Running docker compose up after configuring your docker-compose.yml file should result in two containers, one with PostgreSQL and the other with pgAdmin, that are now able to communicate. For example, you should now be able to query your database via the pgAdmin GUI.

docker compose

Docker Network Considerations

It is important to note we did not define a Network in our docker-compose.yml file. Docker Networks allow our services to communicate. Therefore, Docker Compose by default will create one for you which name is derived from the folder/directory the docker-compose.yml file is located in. You can run the command docker network ls and it will list all the networks, including your default one. For example, my docker-compose file was in my directory titled my_week_1, therefore the network is titled my_week_1_default. Try running docker network ls and see for yourself. You can also define the network name within docker compose as well if you'd prefer.

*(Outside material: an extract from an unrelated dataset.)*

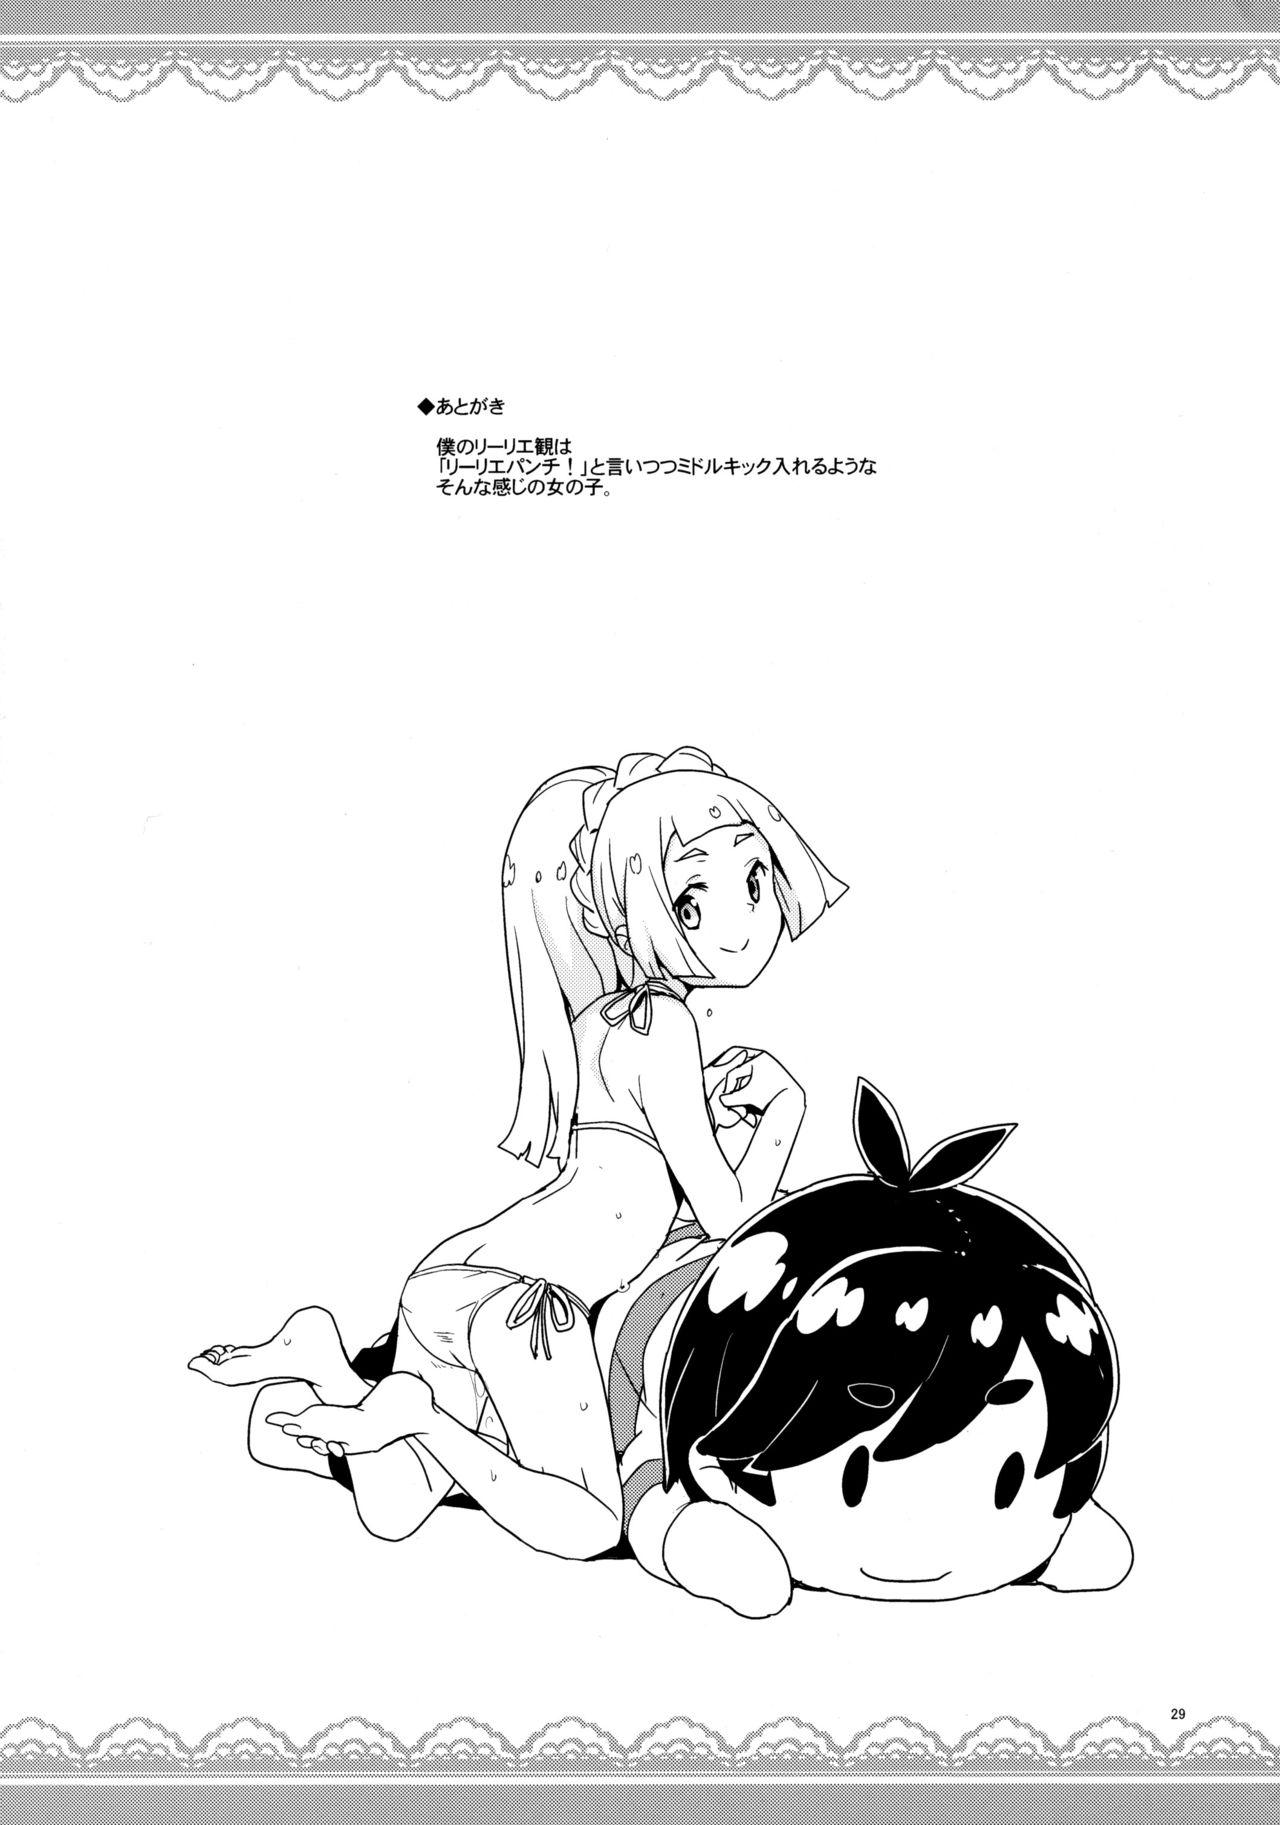 Lillie to Sun no Saimin Daisakusen - Lillie and Sun's Hypnotized Campaign 28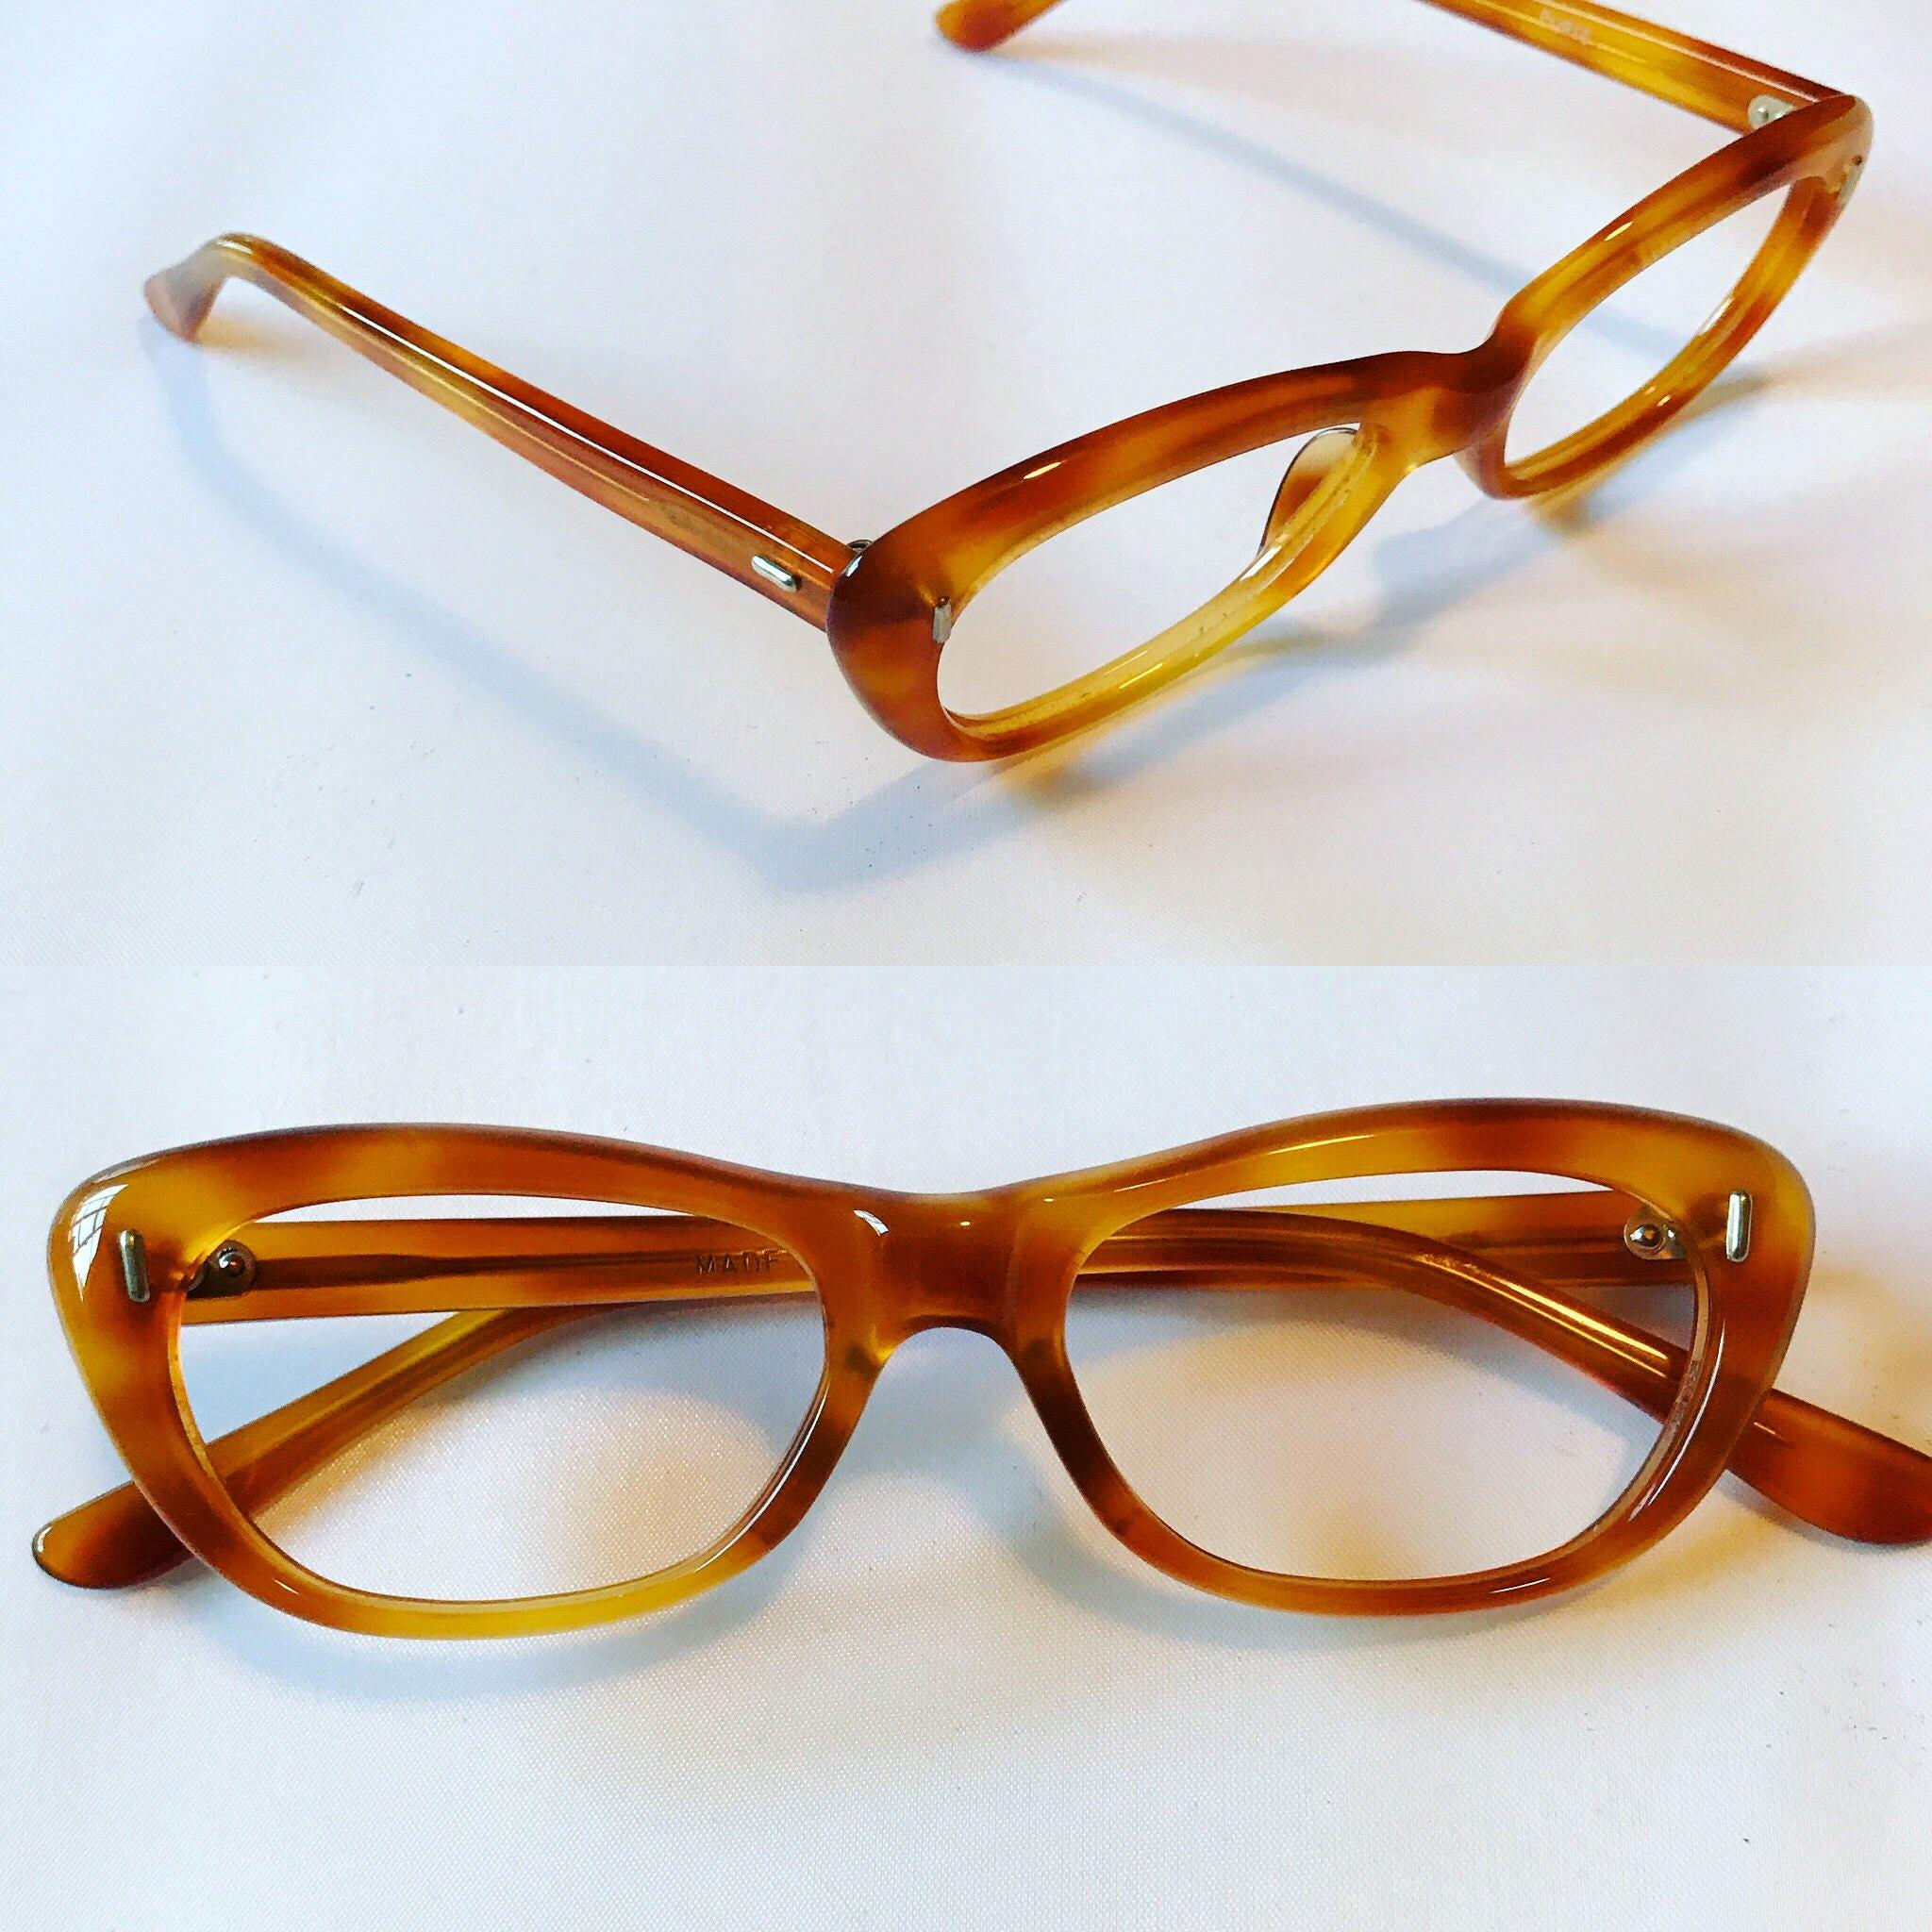 e4c647fb4dd Amber Colored Tortoise Cateye Glasses

Understanding Docker Volumes

To keep our newly ingested data persisitent across container runs, it is important that we map the volume in our docker compose file.

pgadmin_data is the name I gave to our specific volume. You can name it however you'd like. pgAdmin writes various types of data to this directory. This data includes:

  • Session Data: Information about user sessions, such as login sessions.
  • Configuration Data: User preferences and settings for the PgAdmin application.
  • Connection Data: Information about database connections, including server, database, and user details.

This allows data such as server, database, and user details to be remembered and automatically loaded when you access PgAdmin again via the browser.

The pgadmin_data volume is separate from your PostgreSQL volume ny_taxi_postgres_data. The PostgreSQL volume is used to persist data from your PostgreSQL database, while the pgadmin_data volume is used to persist data from your pgAdmin application.

Now, lets start up our services by running:

docker compose up

Next, you'll open up your web browser and go to localhost:8080/ and use the credentials we defined in our docker-compose.yml file to login. Remember, 8080 is the port we defined for pgAdmin to run on.

pgadmin-login
pgadmin-resgster
pgadmin-resgster

Now that we've registered our server, we can demonstrate how our connection details remain after we exit our docker container.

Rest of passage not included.